# Assignment
Reproduce nothing but the lines from the one with "LEON DSGN's profile banner" down to the last line of the data below.

_ _ _

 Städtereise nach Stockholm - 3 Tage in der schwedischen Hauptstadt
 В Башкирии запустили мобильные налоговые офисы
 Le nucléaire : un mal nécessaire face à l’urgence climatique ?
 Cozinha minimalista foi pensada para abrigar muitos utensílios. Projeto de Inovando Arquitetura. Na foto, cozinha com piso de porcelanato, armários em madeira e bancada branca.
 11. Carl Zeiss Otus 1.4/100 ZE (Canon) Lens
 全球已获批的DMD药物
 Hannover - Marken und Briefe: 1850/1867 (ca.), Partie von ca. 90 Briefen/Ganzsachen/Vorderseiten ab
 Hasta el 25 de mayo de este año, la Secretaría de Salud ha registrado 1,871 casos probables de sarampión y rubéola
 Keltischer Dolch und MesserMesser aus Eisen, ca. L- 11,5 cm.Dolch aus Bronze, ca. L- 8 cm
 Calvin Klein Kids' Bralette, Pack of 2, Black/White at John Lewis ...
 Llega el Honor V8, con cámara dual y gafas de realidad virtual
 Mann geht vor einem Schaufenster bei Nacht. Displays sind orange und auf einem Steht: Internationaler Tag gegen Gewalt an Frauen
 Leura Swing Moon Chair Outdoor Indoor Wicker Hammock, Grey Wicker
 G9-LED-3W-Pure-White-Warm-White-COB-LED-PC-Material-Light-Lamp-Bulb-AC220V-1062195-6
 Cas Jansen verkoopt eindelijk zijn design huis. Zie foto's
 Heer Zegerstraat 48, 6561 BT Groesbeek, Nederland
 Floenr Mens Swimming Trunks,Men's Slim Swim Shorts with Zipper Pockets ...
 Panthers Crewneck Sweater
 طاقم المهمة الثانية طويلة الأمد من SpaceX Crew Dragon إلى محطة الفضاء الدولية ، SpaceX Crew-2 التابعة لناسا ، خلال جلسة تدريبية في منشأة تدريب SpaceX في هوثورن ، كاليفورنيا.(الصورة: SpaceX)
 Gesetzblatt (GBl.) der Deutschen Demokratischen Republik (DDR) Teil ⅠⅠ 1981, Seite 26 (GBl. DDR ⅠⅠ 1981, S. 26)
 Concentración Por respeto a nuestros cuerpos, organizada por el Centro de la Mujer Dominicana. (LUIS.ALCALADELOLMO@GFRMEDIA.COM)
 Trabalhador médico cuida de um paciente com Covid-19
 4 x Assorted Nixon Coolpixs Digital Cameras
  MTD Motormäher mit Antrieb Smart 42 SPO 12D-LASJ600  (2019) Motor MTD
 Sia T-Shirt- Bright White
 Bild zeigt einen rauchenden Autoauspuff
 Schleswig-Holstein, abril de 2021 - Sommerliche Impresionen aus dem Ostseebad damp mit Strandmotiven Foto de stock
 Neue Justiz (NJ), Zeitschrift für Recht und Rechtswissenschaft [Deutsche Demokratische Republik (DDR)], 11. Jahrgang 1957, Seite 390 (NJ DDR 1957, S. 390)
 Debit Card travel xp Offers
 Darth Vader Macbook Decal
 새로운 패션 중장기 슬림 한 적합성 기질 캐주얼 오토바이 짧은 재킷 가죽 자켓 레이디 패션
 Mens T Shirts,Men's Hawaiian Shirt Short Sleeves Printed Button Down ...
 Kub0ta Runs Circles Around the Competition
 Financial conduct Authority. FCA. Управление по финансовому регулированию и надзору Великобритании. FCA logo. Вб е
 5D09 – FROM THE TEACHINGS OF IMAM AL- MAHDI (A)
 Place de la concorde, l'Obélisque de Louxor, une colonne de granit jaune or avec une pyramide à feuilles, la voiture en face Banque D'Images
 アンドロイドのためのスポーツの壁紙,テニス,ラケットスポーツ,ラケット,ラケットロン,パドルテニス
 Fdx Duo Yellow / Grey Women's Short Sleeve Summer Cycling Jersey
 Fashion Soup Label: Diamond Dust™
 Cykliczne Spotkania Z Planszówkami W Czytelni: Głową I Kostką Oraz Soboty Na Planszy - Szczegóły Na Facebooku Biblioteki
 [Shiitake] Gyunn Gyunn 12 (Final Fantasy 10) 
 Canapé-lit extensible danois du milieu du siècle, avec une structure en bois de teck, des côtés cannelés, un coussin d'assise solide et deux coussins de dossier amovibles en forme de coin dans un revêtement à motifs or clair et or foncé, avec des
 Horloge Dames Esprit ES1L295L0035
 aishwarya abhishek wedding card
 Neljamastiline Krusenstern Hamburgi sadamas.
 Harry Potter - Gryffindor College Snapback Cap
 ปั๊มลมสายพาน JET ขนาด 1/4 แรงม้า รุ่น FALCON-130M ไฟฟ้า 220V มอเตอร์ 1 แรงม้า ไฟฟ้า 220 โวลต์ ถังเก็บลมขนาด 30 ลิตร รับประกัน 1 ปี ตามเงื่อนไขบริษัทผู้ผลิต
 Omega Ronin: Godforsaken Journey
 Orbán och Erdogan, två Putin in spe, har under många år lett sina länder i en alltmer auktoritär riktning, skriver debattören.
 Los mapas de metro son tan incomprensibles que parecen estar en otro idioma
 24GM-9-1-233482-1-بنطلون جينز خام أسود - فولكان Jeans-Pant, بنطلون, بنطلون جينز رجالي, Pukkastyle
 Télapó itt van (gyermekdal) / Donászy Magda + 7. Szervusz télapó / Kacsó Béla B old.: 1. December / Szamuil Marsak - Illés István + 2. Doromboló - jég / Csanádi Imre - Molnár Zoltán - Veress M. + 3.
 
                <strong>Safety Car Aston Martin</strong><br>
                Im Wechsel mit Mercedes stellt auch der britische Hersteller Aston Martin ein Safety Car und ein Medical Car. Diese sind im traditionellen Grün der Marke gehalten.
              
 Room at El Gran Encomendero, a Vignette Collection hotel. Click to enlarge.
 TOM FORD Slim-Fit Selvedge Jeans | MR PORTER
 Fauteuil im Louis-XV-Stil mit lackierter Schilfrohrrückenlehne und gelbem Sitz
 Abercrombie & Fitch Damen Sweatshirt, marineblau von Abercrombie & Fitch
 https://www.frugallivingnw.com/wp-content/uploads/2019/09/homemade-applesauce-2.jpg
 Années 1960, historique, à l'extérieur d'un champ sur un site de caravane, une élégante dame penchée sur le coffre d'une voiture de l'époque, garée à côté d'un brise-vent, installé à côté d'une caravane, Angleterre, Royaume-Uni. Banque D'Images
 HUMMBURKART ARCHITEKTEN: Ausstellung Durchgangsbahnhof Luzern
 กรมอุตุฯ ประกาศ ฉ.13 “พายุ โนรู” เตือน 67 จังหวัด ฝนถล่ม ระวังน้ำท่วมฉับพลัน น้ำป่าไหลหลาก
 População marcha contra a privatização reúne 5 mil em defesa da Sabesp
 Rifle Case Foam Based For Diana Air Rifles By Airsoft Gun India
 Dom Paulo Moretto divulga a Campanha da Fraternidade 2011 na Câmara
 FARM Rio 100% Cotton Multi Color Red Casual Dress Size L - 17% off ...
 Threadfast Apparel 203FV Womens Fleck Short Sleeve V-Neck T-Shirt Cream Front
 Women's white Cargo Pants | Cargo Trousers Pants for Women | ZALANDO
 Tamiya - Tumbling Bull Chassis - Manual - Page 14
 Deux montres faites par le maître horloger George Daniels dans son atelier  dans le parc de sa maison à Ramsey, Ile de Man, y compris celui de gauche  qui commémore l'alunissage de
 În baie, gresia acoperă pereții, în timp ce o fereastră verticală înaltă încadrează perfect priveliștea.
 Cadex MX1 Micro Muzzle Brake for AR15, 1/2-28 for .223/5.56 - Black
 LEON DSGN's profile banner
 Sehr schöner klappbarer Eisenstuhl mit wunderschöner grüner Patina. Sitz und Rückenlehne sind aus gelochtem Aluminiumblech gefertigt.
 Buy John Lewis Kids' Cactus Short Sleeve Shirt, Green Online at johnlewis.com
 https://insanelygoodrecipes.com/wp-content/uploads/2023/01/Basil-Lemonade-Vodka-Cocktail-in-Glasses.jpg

_ _ _

# Result for this task
 LEON DSGN's profile banner
 Sehr schöner klappbarer Eisenstuhl mit wunderschöner grüner Patina. Sitz und Rückenlehne sind aus gelochtem Aluminiumblech gefertigt.
 Buy John Lewis Kids' Cactus Short Sleeve Shirt, Green Online at johnlewis.com
 https://insanelygoodrecipes.com/wp-content/uploads/2023/01/Basil-Lemonade-Vodka-Cocktail-in-Glasses.jpg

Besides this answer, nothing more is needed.